Students at a South Jersey Christian school are getting sermons from the Bible on how to treat each other and classroom lessons on race relations after two notes with a racial slur were recently discovered in the locker of a black student.

Gloucester County Christian School officials are investigating the incident and trying to identify the culprit, said Pastor John Mark Turner, the campus administrator.  The school's board could impose a suspension or expulsion, he said.

Pastor John Mark Turner, campus administrator at Gloucester County Christian School in Sewell.
Gloucester County Christian School website
Pastor John Mark Turner, campus administrator at Gloucester County Christian School in Sewell.

"It's very disturbing," Turner said Tuesday.  "We want the kids to be polite and courteous and understand that their words hurt people."

The Camden County East Branch of the NAACP is also investigating the incident as a possible hate crime, said chapter president Lloyd D. Henderson. A similar incident was reported at the school several years ago targeting a black student, he said.

The school, with a predominantly white student body, is located in the Sewell section of Mantua Township on the grounds of a former Cold War-era Nike missile base. The base was one of a dozen constructed in the Philadelphia region in the '50s to defend the country against a possible Soviet bomb attack.

The private school enrolls more than 370 students in kindergarten through 12th grade. It is operated by Hardingville Bible Church in Monroeville. Annual tuition for the 2017-18 school year began at $4,640 for elementary students and rose to $5,570 for high school students, with discounts for families that enroll more than one child, according to the school's website.

Henderson said the mother of a black student at the school complained to the NAACP last week after her son reported finding a second hate note on his locker on Oct. 18. The note said, "I hope you die n–,"  A note with the message was also left at the locker of the same student on Oct. 13, but the student disregarded that one, Henderson said.

The Mantua Police Department said that it was investigating a report of an incident at the school.

The student and his sibling, both eighth-grade honors students, have been withdrawn from the school and enrolled in a public school in a neighboring county where they live, said their mother, Sharon Jackson.

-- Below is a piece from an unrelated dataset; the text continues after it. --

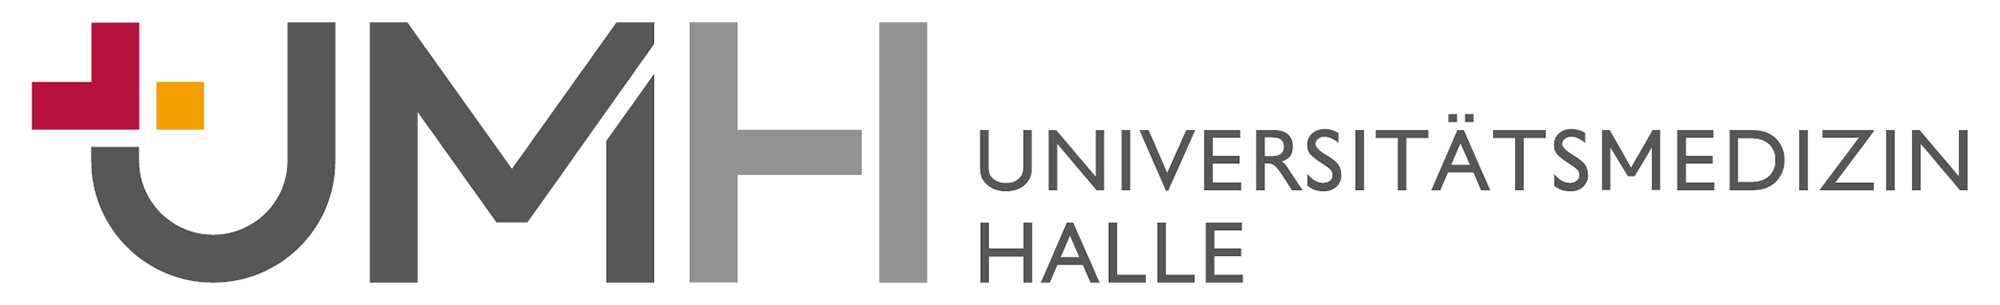 Logo: Universitätsmedizin Halle (Saale)
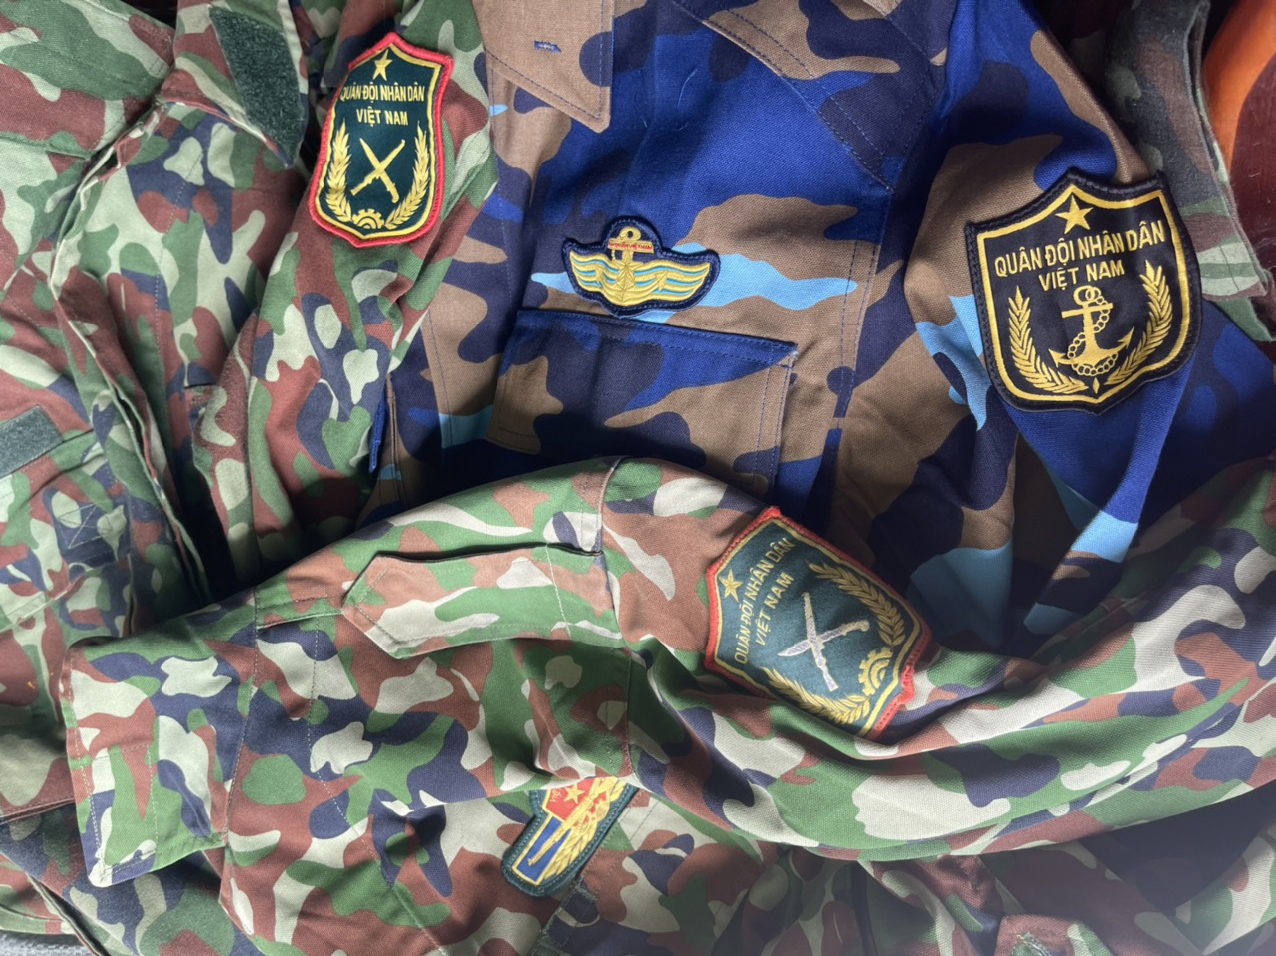 Quần áo, quân tư trang quân đội được phát hiện tại cửa hàng

"We thought that was as near to being a perfect environment for our children," Jackson said Tuesday night. "I was very surprised that they would have to experience hatred in a Christian school. It's very disheartening."

Turner said he discussed the incident with students during chapel on Tuesday, reminding them to treat each other with Christian love as their faith teaches. The students attend chapel three times a week. The incident will also be a topic discussed in American history classes with a focus on civil rights, he said.

"We do care about all of our students, and I mean that sincerely," said Turner, a former classroom teacher. "We want students who come here to be welcomed and not to feel out of place."

About 7 percent of the school's students are black, Turner said. He attributed the incident to the current racial climate in the country.  Recent incidents in the region at schools, a restaurant, and other places have aroused racial tensions.

"Unfortunately, it's a culture now where you  believe you're not going to be slammed," Henderson said. "People believe they can be free now with their racist, biased attitudes."

According to the NAACP, the black student found the first note in his locker after soccer practice at school. The student balled it up, and tossed it away. When he received a second note five days later, he showed it to his parents. After meeting with school officials on Oct. 20, the parents said they withdrew their son and the sibling from the school and later reported the incident to police, Henderson said.

Turner said the school's principal attempted to identify the person who wrote the note by collecting writing samples. Students were not told the reason for the sample. The principal, however, was unable to match the note to a sample, he said.

A group of parents founded the school in 1964. It was placed within the ministry of Bethel Community Church in 1978, according to the school's website. It began with about 80 students in grades K-8.

Hardingville Bible Church took over the school in 1987. Turner, the church's senior pastor, and the school board, made up of a delegation of deacons, are in charge of operating the school.  Among the goals stated on its website, the school seeks "to work with parents and guardians to train Christian young men and women to be salt and light in their communities."